Where jurisdiction does come into play, unfortunately, is where your software is developed and whether or not the local government will employ rubber-hose cryptanalysis to backdoor your software.
There are multiple layers of mitigations that open source teams can adopt to make this sort of attack less attractive for human right violators.
Commonly discussed mitigations include:
Releasing your software publicly under an free or open source license allows your users to inspect the software, modify it, or fork it entirely if you’re totally compromised.
Reproducible builds allow you to assert that the software you’re installing matches the version you expect from the open source repository. This introduces a mechanism that makes attacks significantly less stealthy.
Digital signatures and attestations published to SigStore (or some other binary transparency technology) provide a notion of supply-chain security between the provider of a software package and its users.
In the context of end-to-end encrypted messaging apps, you also have the congruent notion of key transparency for preventing key substitution attacks.
Nothing in the above list is new. If you cannot publish reproducible artifacts to SigStore (or equivalent) today, your developer ecosystem should already be planning or developing this capability.
Any software that implements all three layers of protection is doing a remarkable job.
There is, however, one additional mitigation layer we can introduce to dissuade rubber-hose cryptanalysis by rendering it largely ineffective.
Today, software releases are signed with an asymmetric keypair. The signing key can produce signatures (and therefore must be secret), while the verifying key is released publicly to allow anyone to verify signatures.
There are some approaches that implement so-called “multi-sig” approaches, where multiple signatures must be present before a payload is considered valid, but this is not a universal strategy.
Therefore, the publisher of software that controls the signing key is the weak link, even in today’s state of the art security software.
Stay FROSTy
So what if we removed this single point of failure by not having a single signing key?
FROST (RFC 9591) is a technique for implementing Threshold Signatures. One of the FROST ciphersuites is backwards compatible with Ed25519.
Threshold Signatures
Building an intuition for threshold signatures is easy.
Imagine for a moment, instead of having 1 secret key, you have 7 secret keys, of which 4 are required to cooperate in the FROST protocol to produce a signature for a given message. You can replace these numbers with some integer t (instead of 4) out of n (instead of 7).

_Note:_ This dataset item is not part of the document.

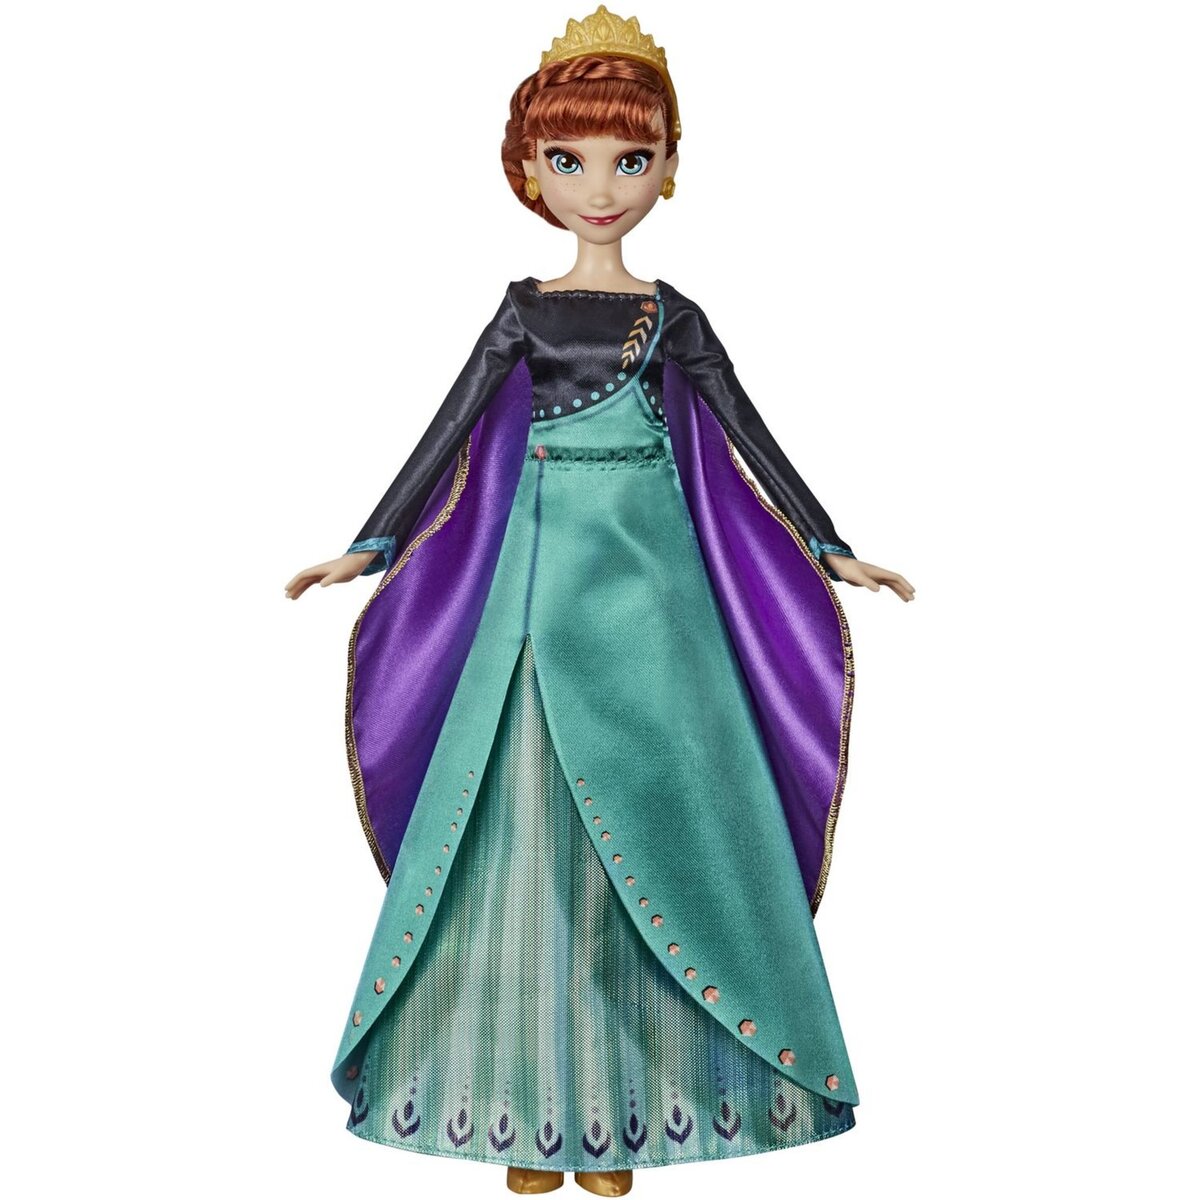 HASBRO Poupée Princesse Disney Anna chantante 27 cm La reine des neiges

This signature is valid for a single public key.
If fewer than t participants are dishonest, the entire protocol is secure.

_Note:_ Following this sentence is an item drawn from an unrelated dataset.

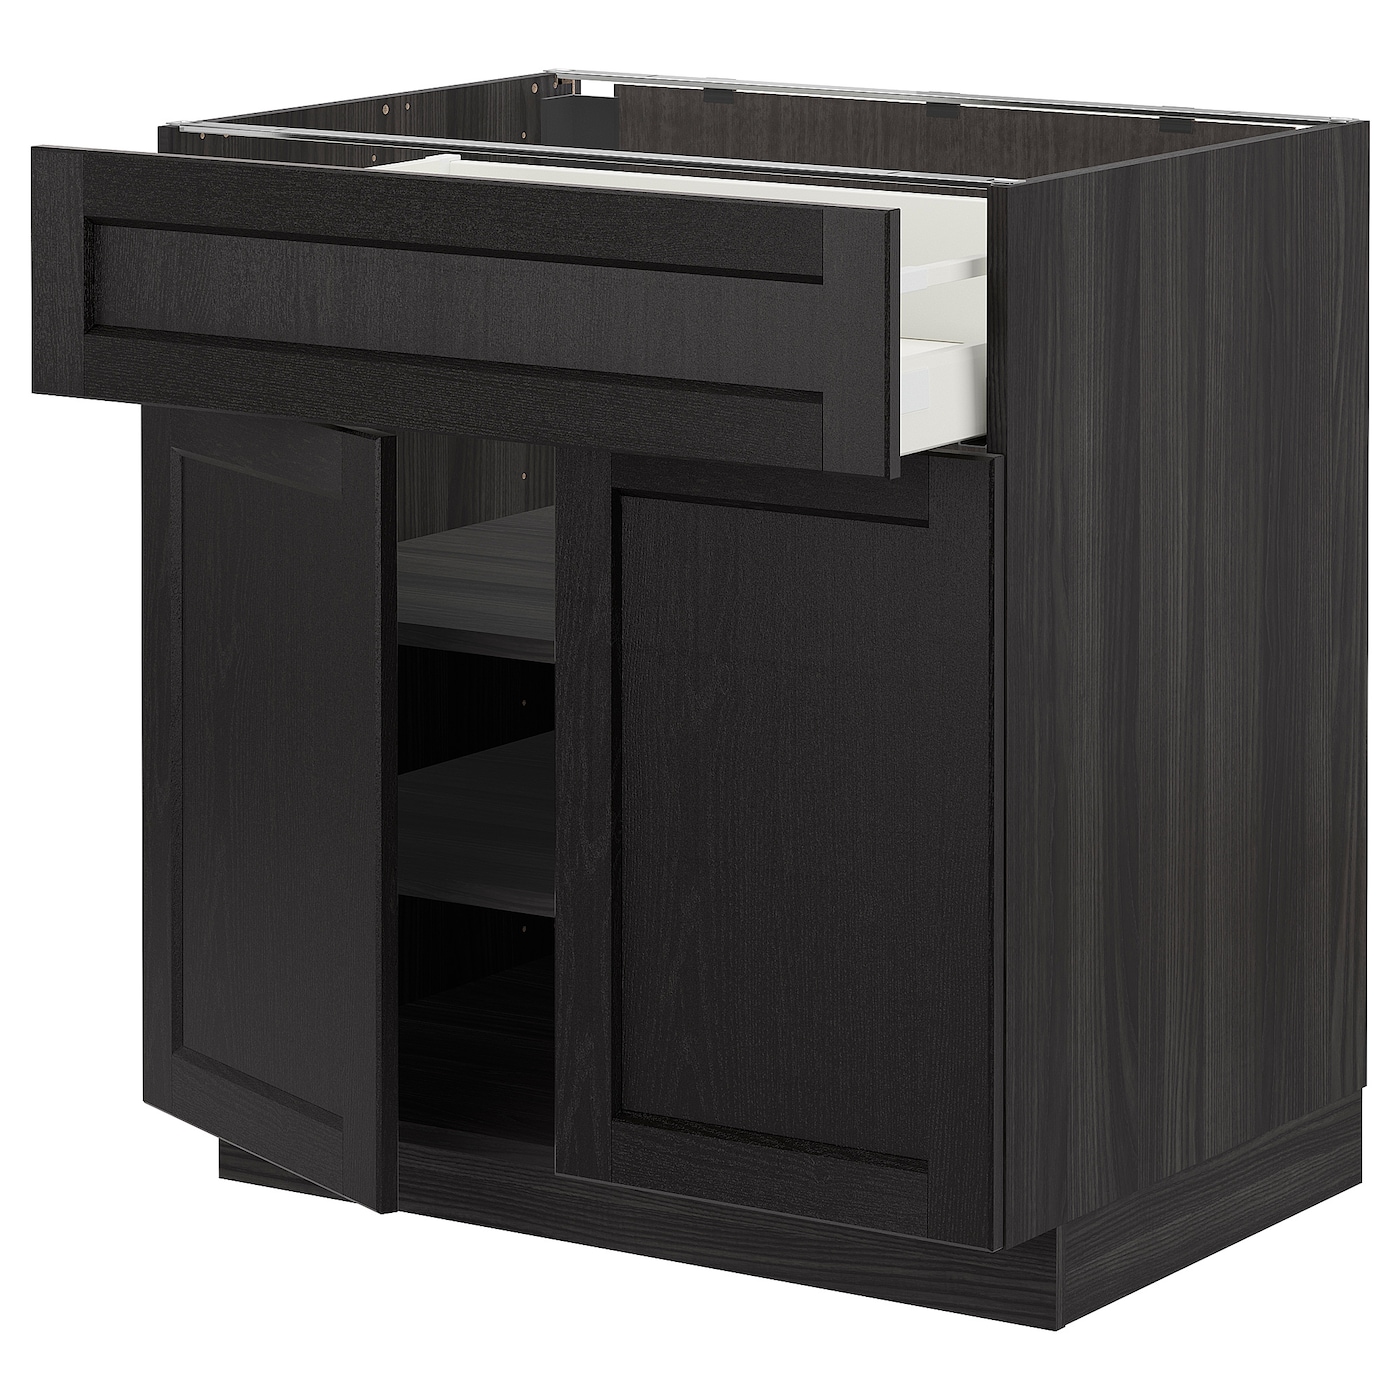 Напольный кухонный шкаф  - IKEA METOD MAXIMERA, 88x61,9x80см, черный, МЕТОД МАКСИМЕРА ИКЕА

The basic idea of threshold signatures.
Okay But How?
Welp, that’s where things get tricky, because threshold cryptography is different depending on the algorithm you use.
If you’re trying to generate ECDSA-compatible threshold signatures, good luck. The complexity involved, even with recent advancements, makes it only generally worth it for non-custodial cryptocurrency wallets. This mess is unavoidable because ECDSA requires computing the modular inverse of a secret value.
Schnorr signatures, such as Ed25519, use a different construction that’s more amenable to threshold cryptography.
FROST is a protocol that implements Schnorr signatures in two rounds, once the initial key setup has concluded.
You can think of it as a variation of Shamir’s Secret Sharing that doesn’t require actually reconstructing the secret to actually use it to calculate signatures.
In FROST, the first round commits to the message (and therefore to the nonces), and the second creates the shares of the final signature. The shares are then validated by the Coordinator and aggregated into a final signature.
If you want to understand in more detail, RFC 9591 is the best document to refer to.
Today I am releasing FREON (which stands for “FOSS Resists Executive Overreaching Nations”).
Freon is a set of software tools, written in Go, that implement the FROST protocol to generate Ed25519 signatures.
The Freon client software is used for each participant that holds a share of the secret key. These shares will be encrypted locally by the Freon client, using age.
The Freon coordinator software is a webserver intended to be deployed in a private network or VPC to facilitate the protocol between asynchronous clients.
The primary intended use case for Freon is to generate OpenSSH-compatible signatures for signing Git releases (instead of PGP), but it also supports bare signature generation for integration in other protocols.
The Freon client is intended to be straightforward:
# Initiating DKG in a 3-of-7 config:
$ freon keygen create -h hostname:port -n 7 -t 3
# Returns a Group ID to pass to other participants
# Joining the DKG
$ freon keygen join -h hostname:port -g GroupID -r AgePublicKey
# Your local share of the Secret Key will be encrypted using age
# Returns a Signing Public Key once all participants have enrolled
# To begin the Signing Ceremony
$ echo -n "foo" | freon sign create -g GroupID
# Returns a CeremonyID to pass to other participants
# To participate in a Signing Ceremony
$ echo -n "foo" | freon sign join -c CeremonyID
The details of the underlying cryptography are abstracted away from the end user.